8/19/2009

Tensile Intergrity Sphere

Hanging high above the center of the MOSI Grand Lobby is a very large and odd-looking sphere composed of yellow rods and wire. If you spend a few moments and really look at the sphere you will see that none of the yellow rods that compose the sphere are touching each other. This neat bit of science is known as a Tensile Integrity Sphere.

How does it work?:
A tensile integrity sphere or tensegrity sphere is a structure that utilizes synergy of components in balanced compression and tension for structural support.

Compression is stress or force applied to materials resulting in their compaction. In the case of this sphere the yellow rods are under compression. Tension is a force that pulls upon an object using strings or wires and is the opposite of compression. The wires in the tensegrity sphere are in tension. Synergy is a situation where different entities or forces cooperate advantageously for a final outcome, in our case keeping the sphere round without external supports. Utilizing the forces of compression and tension in synergy this 130 pound sphere is entirely self-supporting and hangs from the ceiling with just a few strong cables that support the weight of the entire sphere.

Tensegrity:
The concept of tensegrity was popularized by R. Buckminster Fuller and Kenneth Snelson at Black Mountain College in the 1940's. Building upon an early design of a self supporting sphere structure used as a planetarium in Germany, Fuller and Snelson explored concepts of tensegrity.
The term 'geodesic' was coined by Fuller and applied to structures that could be incredibly light for their size when compression and tension were used in balance to create structures that were self supporting. Within a geodesic dome, no internal supports are required. Just imagine your house without any need for walls! Geodesic structures had potential to be spacious, light weight, strong and inexpensive to produce.
"Ability to respond as a system means that local stresses are being uniformly transmitted throughout the structure, and uniformly absorbed by every part of it. The system's symmetry is not deformed: the system expands as a whole or contracts as a whole. This is not the behavior we are used to in any structures of our previous experiences. The compression members do not behave like conventional engineering beams... Ordinary beams deflect locally.

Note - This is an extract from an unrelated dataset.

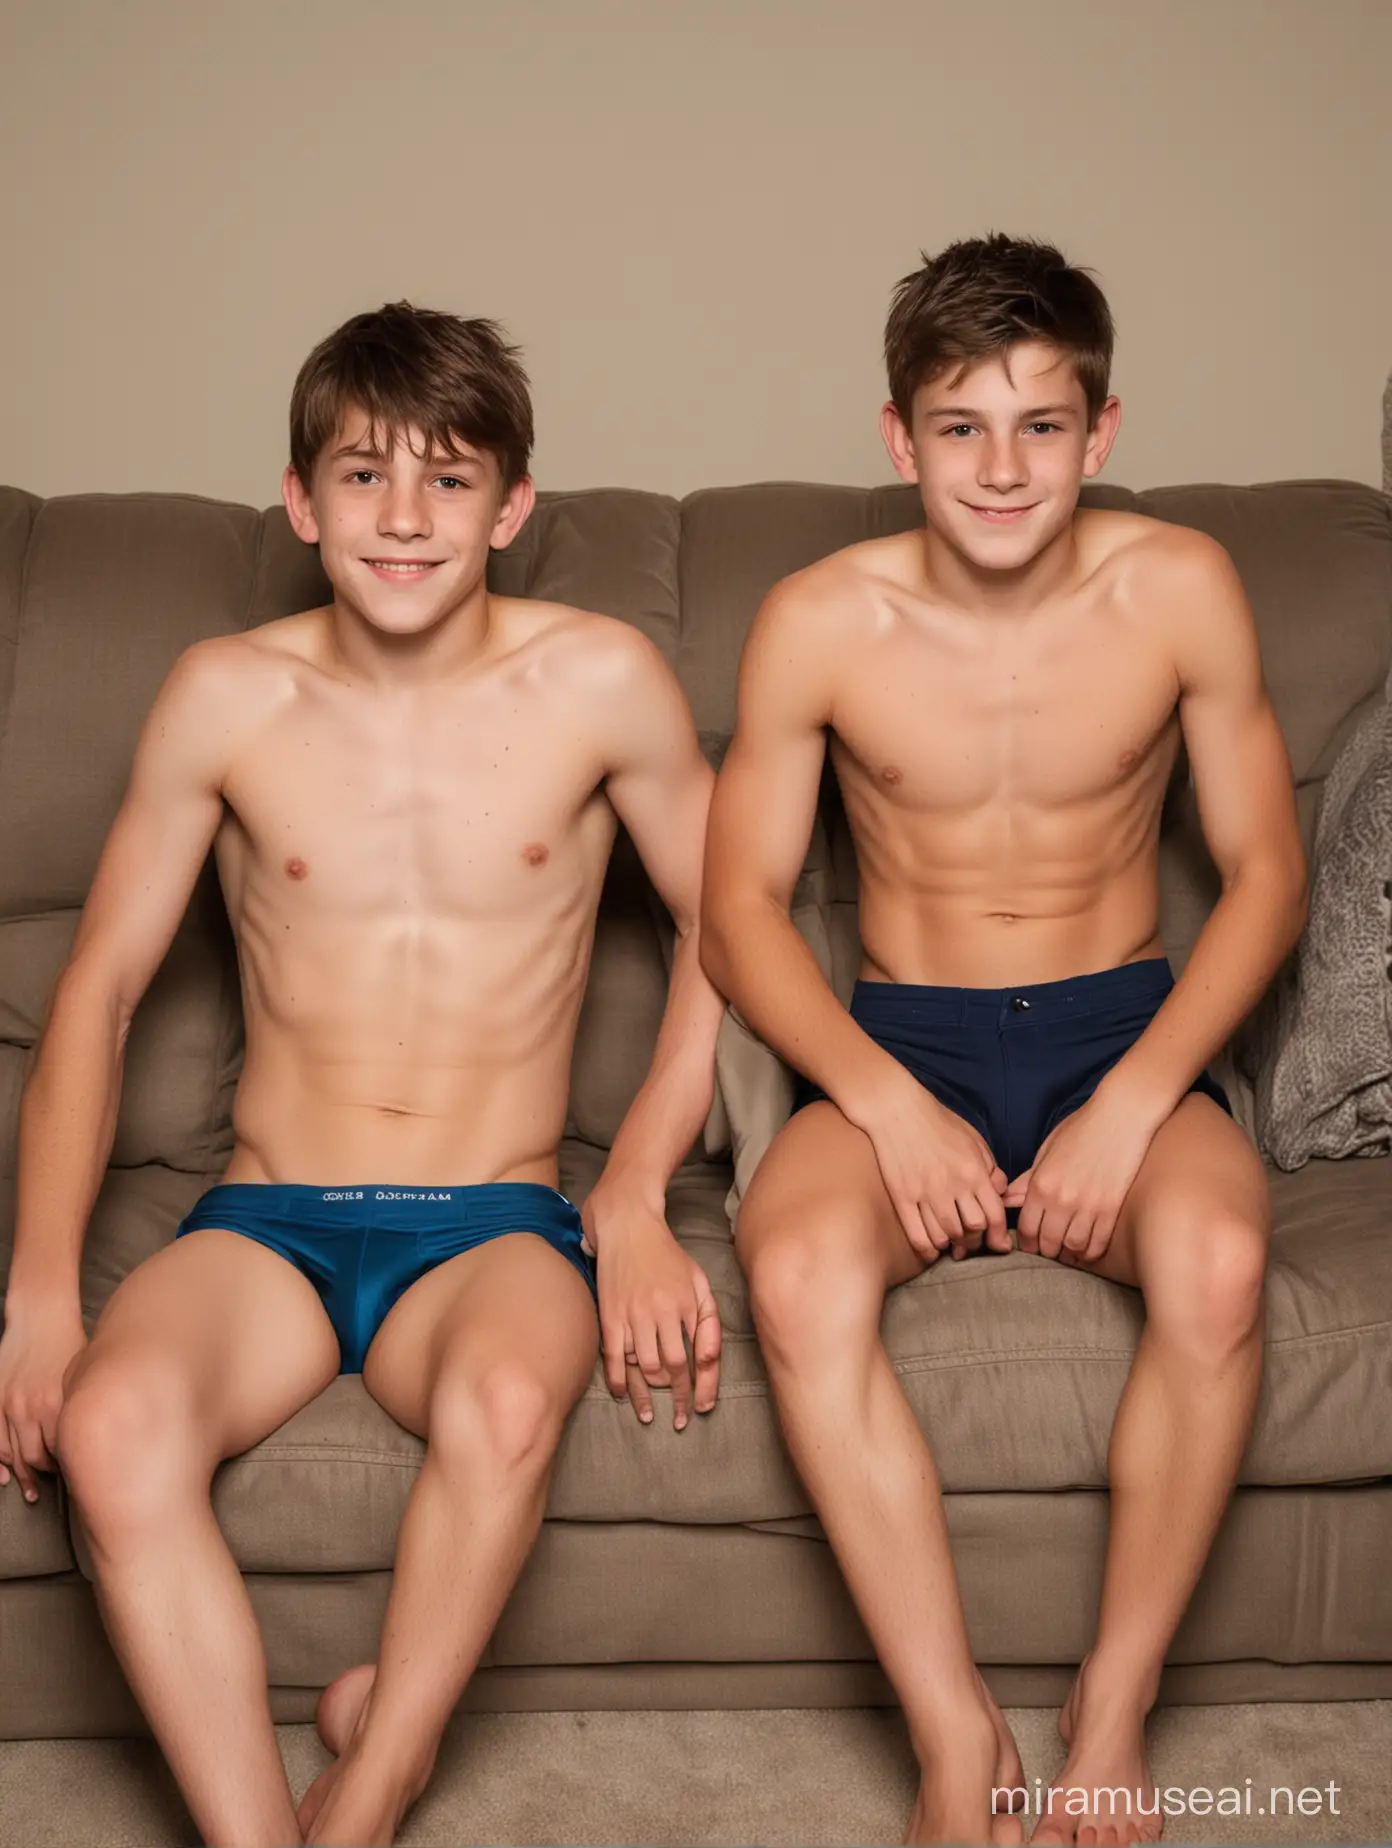 15 year old muscular shirtless boys sitting on a couch

The tensegrity "beam" does not act independently of "the whole building" which contracts only symmetrically when the beam is loaded. The tensegrity system is synergetic - a behavior of the whole unpredicted by the behavior of the parts" -R. Buckminster Fuller. Synergetics: explorations in the geometry of thinking. New York, Macmillan, 1975
The story of our sphere:
In November of 2000 the museum was approached by Richard 'Dick' Avery who had an interesting proposal. He wanted to build an enormous tensegrity sphere for the museum to display. Dick had found a book on R. Buckminster Fuller in the Science Store at MOSI some time before and had become enamored of the concepts of tenesgrity. At home in Sun City Center, Dick had already built a few tenesgrity spheres and offered to build one for MOSI.

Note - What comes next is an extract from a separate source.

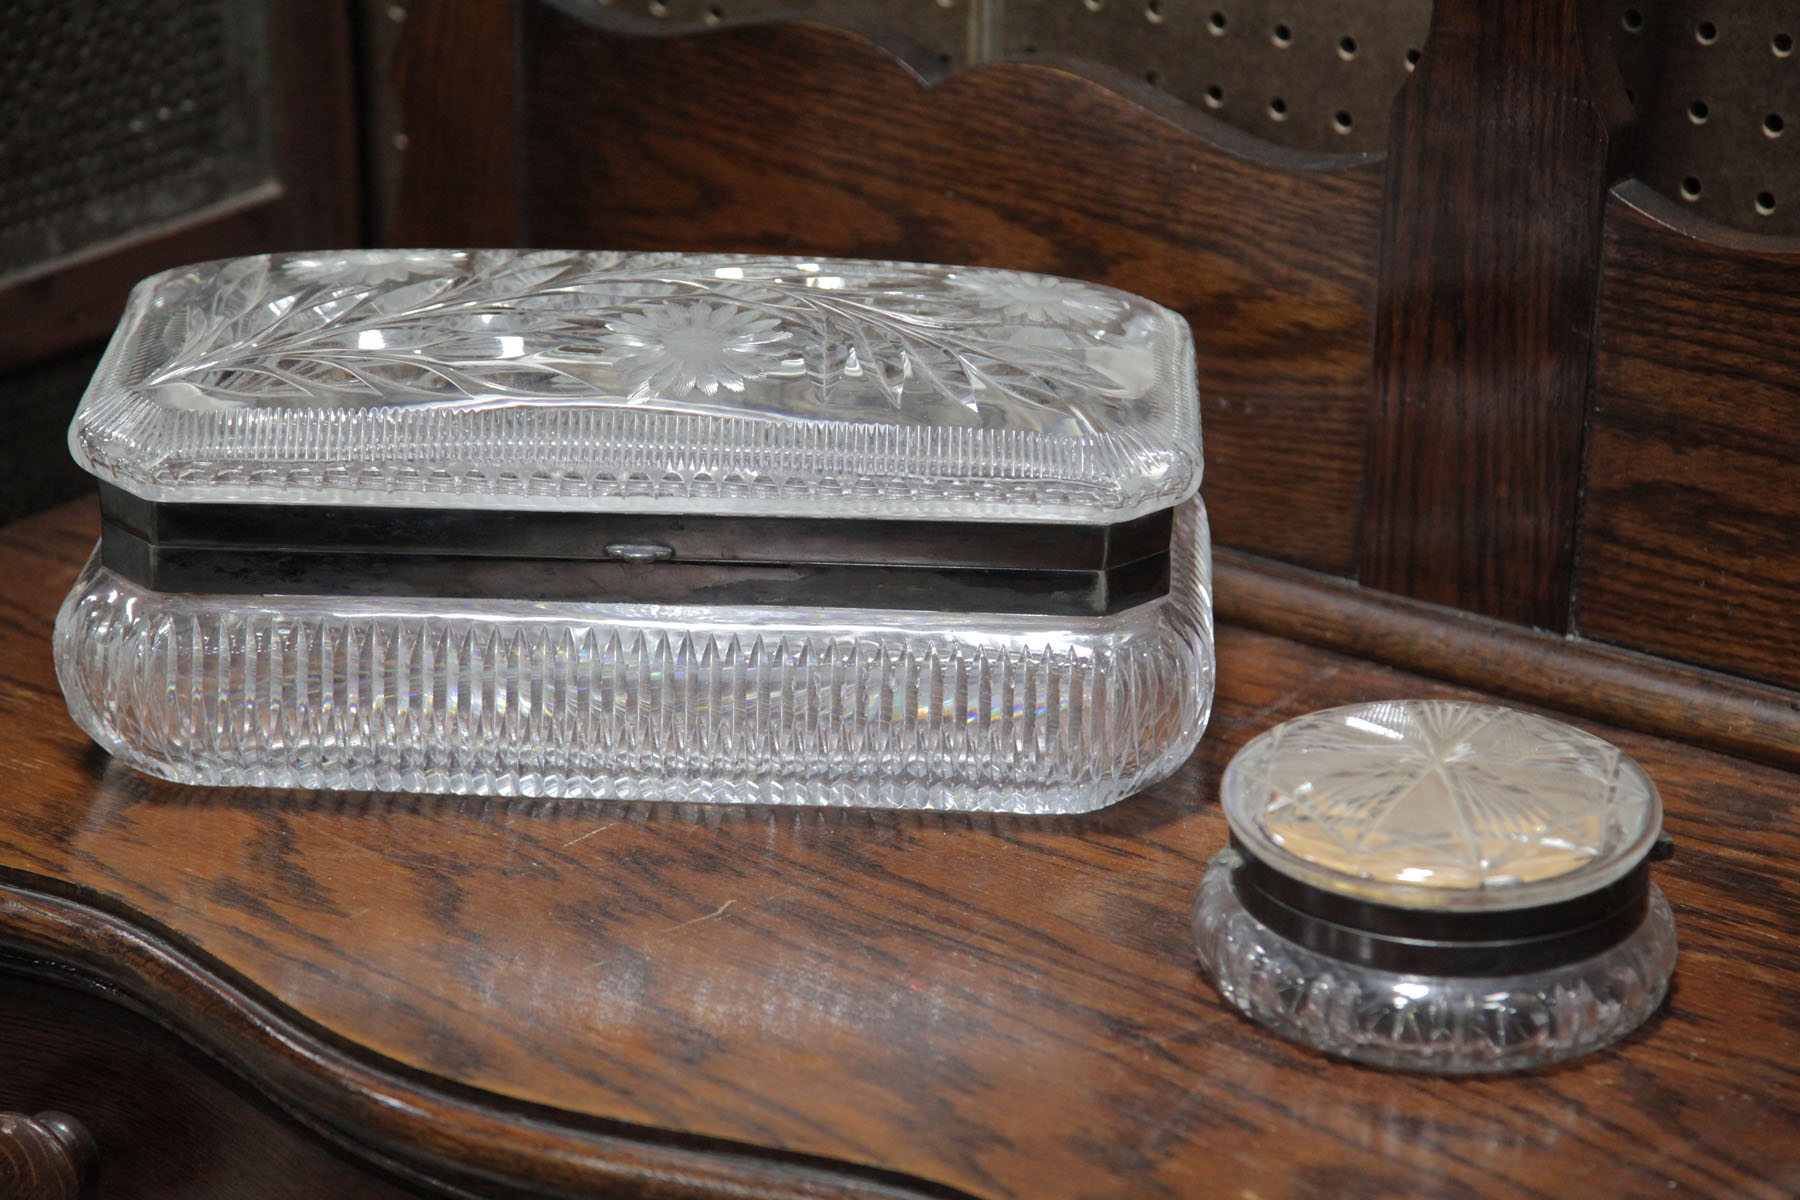 TWO CUT GLASS BOXES.  American  late

Dick spent 107 hours constructing the sphere in January and February of 2001 and shortly after it was hung in our grand lobby. It was quite a sight to see a gigantic yellow sphere sitting on the floor of the lobby and several exhibit technicians carefully considering how they were going to hoist the monster shape into place. After a few hours, the great tensegrity sphere hung above our lobby and hangs there to this day. Mr. Avery passed away several years ago, but his creation still looms larger than life over hundreds of thousands of people each year.